AIUI, in 64-bit mode, you can use either RIP relative or absolute
addressing. RIP "steals" one of the ModRM encoding forms. Absolute
addressing is zero-based and encoded with the SIB format.
Rod Pemberton
Mike Gonta
> "Mike Gonta" wrote:
>
> > > It's possible to generate 64-bit position-independent (that is, RIP-
> > > relative) code for x64. Do compilers not generate such 64-bit code?
>
> > It's impossible to not generate 64 bit position independent code,
> > all x64 code is RIP relative.
>
> ... "all x64 code is RIP relative" ...
>
> What?
>
> AIUI, in 64-bit mode, you can use either RIP relative or absolute
> addressing.
Yes indeed, my mistake.
I wasn't paying attention to this paragraph from the FASM manual:
" The long mode uses also the instruction pointer based addresses,
you can specify it manually with the special RIP register symbol,
but such addressing is also automatically generated by flat
assembler,
since there is no 64-bit absolute addressing in long mode.
"
Of course this doesn't mean that there is no absolute addressing in
long mode (the source of my mistake) but rather (with one exception
which is explained in the line after next) there is no 64 bit form
(with the exception of a MOV to or from RAX from or to a 64 bit
address) of absolute addressing or displacement.
> RIP "steals" one of the ModRM encoding forms. Absolute
> addressing is zero-based and encoded with the SIB format.
Actually the ModRM encoding of the RIP relative 32 bit displacement
is that of the legacy 32 bit (absolute) displacement encoding. That's
the reason why it is the default in FASM, in order to get the old
form an assembler notation is required for the now different SIB
encoding. Other assemblers/compilers may require notation to get
the same (improved) ModRM encoded instruction.
Anyway, my original response was that even position independent
code will require some fixups when using a base 0 addressed
COFF file as an executable loaded at an address other than 0.
Maxim S. Shatskih
>code will require some fixups
It will surely require fixups on DLL import resolution, and not once in the import table, but on any occurence of the reference to the imported name.

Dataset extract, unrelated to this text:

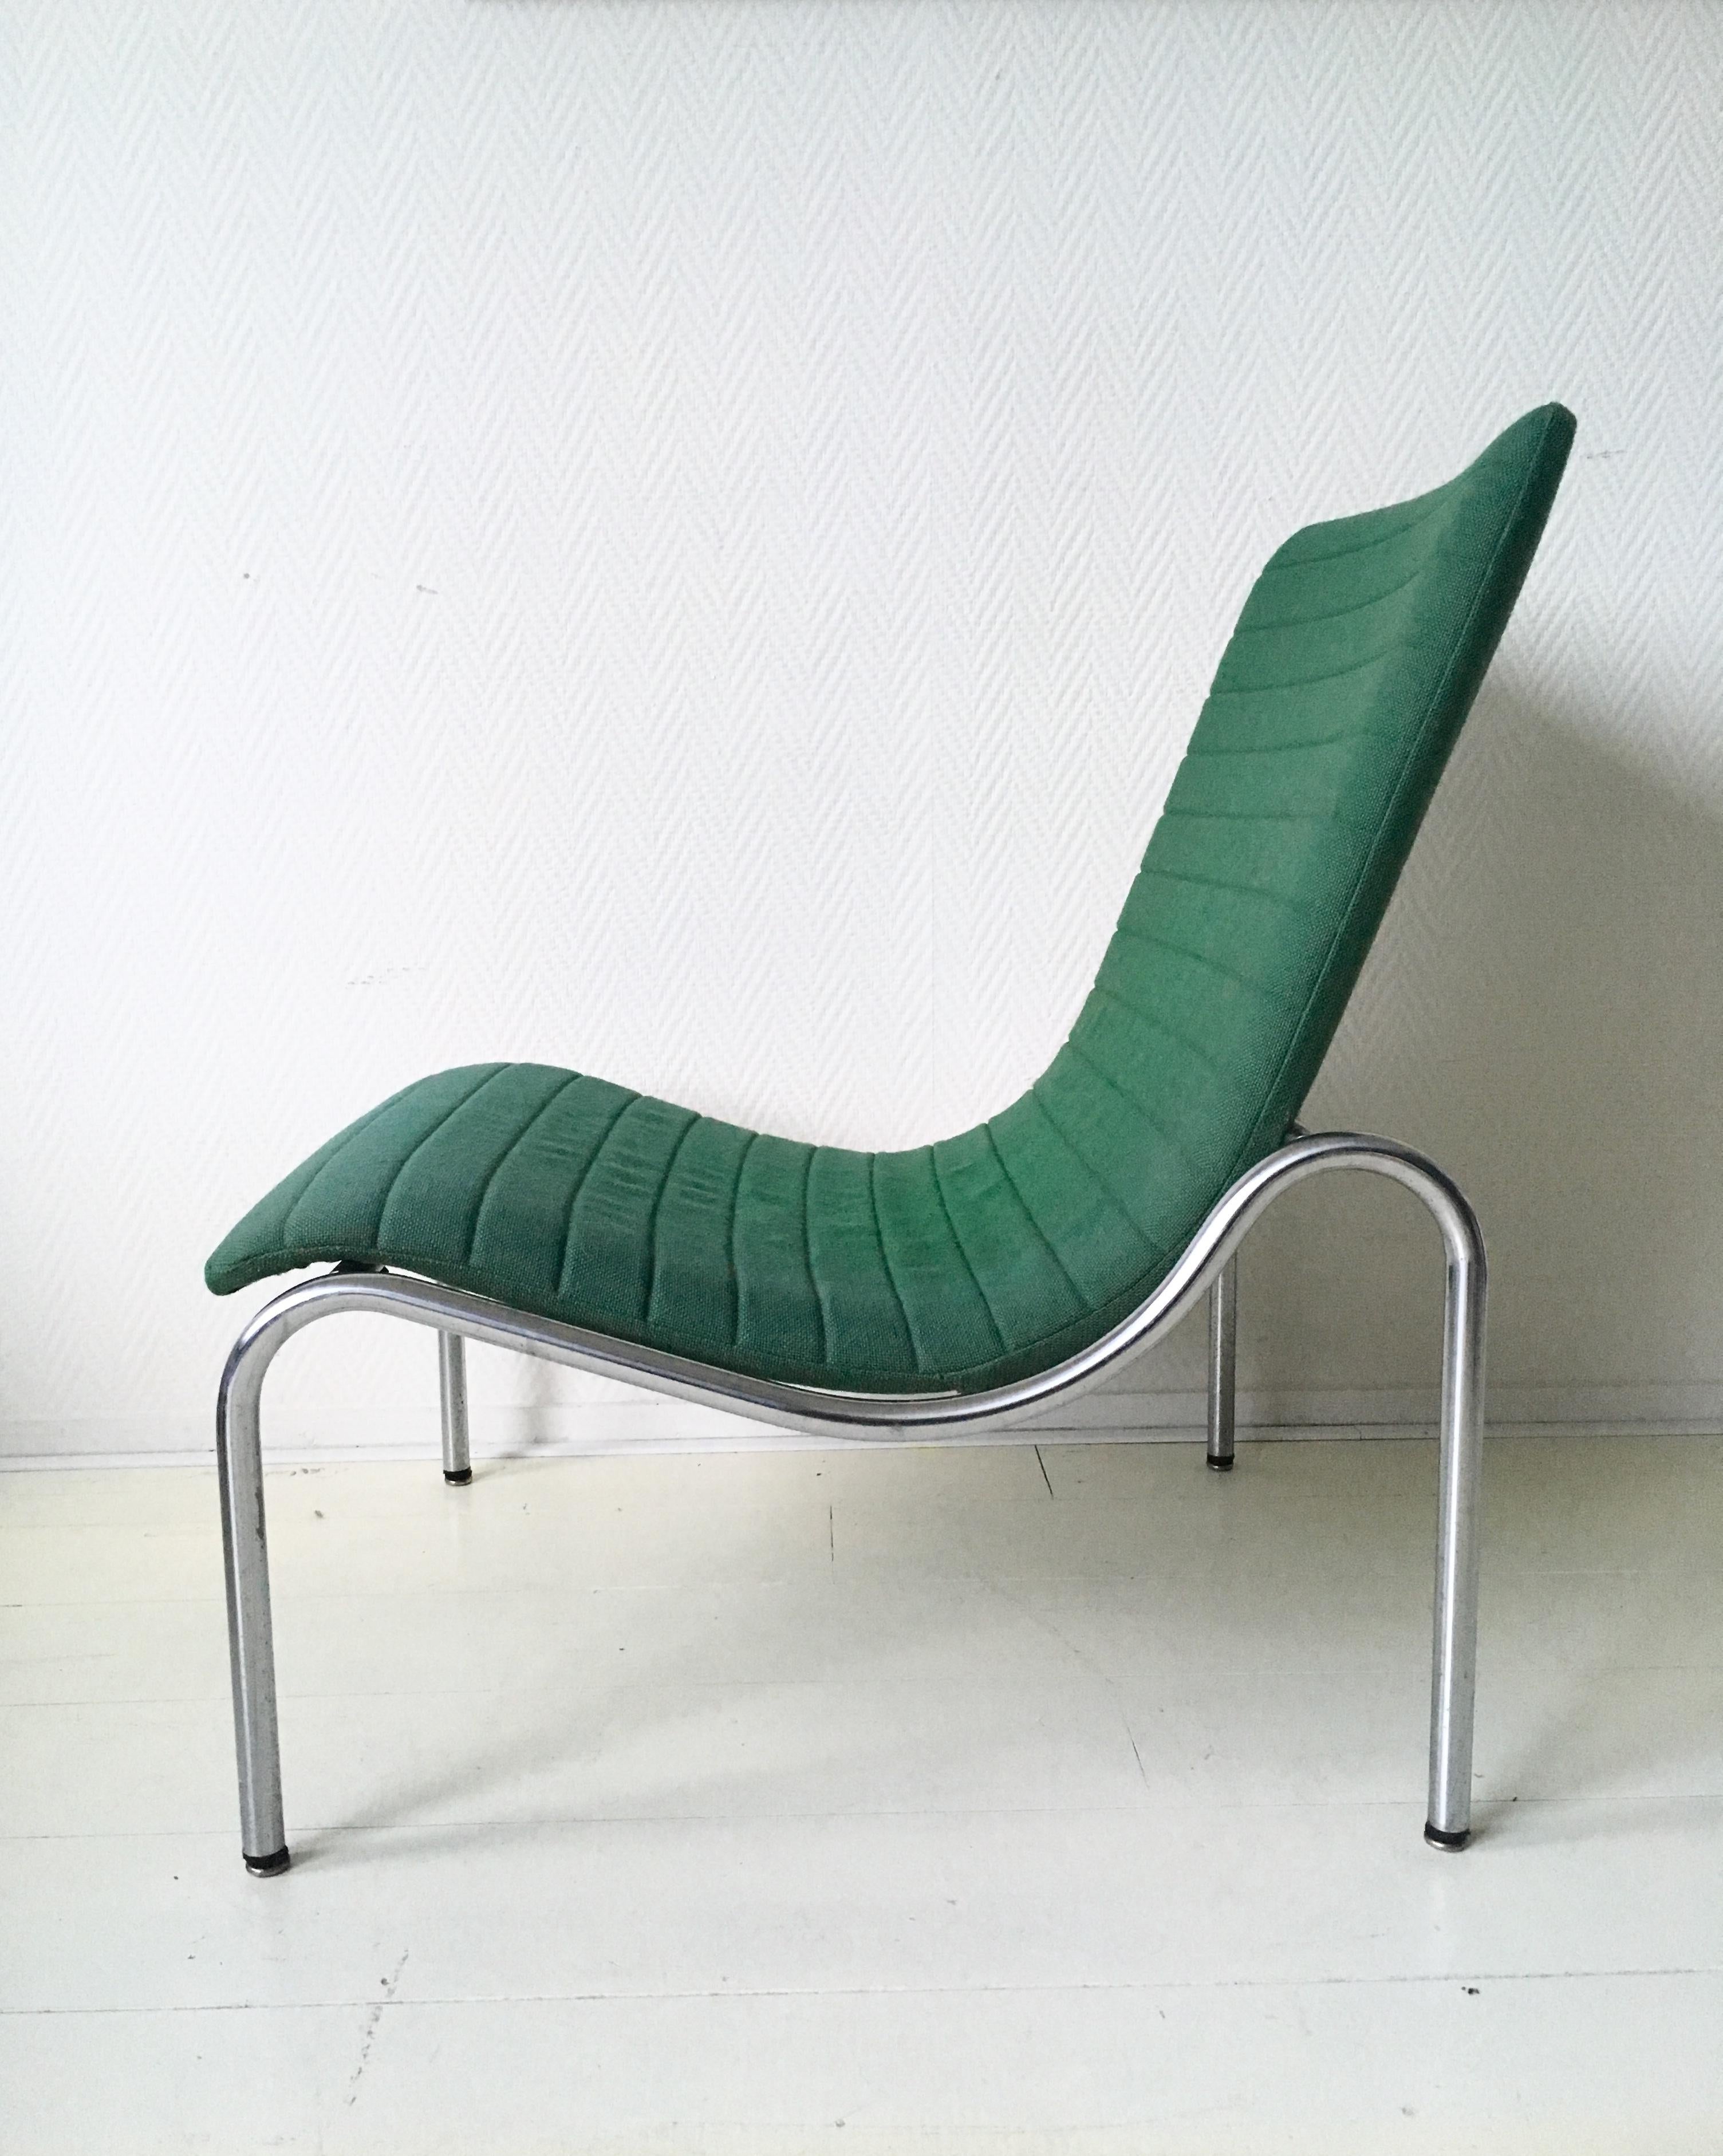 This lounge chair was designed by Kho Liang Ie for Stabin Holland in 1968. It features a tubular base with green upholstery. The piece remains in good vintage condition. NOW TEMPORARY DISCOUNT PROMO CODE AVAILABLE, SEND MESSAGE FOR MORE INFORMATION!

Thus, for modern OSes, all this "position-independent" stuff is null and void. You need a relocation table anyway (unless you mandate the load address like for Windows KnownDLLs).
--
Maxim S. Shatskih
Windows DDK MVP
ma...@storagecraft.com
http://www.storagecraft.com
Mike Gonta
> Mike Gonta wrote:
> >Anyway, my original response was that even position independent
> >code will require some fixups
>
> It will surely require fixups on DLL import resolution, and not once in the import table, but on any occurence of the reference to the imported name.
All references to the imported name are indirect
(RIP relative in 64 bit mode) calls to the import table slot
which require no fixups.
> Thus, for modern OSes, all this "position-independent" stuff is null and void.
Definitely results in less fixups if required.
> You need a relocation table anyway (unless you mandate the load address like for Windows KnownDLLs).
The relocation table is required to relocate the
executable if it cannot be loaded at the preferred
location.
A simple header-less flat binary executable with a relocation
table, preferred load address (2nd to last) and a pointer
to the table as the last 64 bit value of the file is the
proposed format. Easy to produce from a PE and
easy to load. Designed for simple OS Development.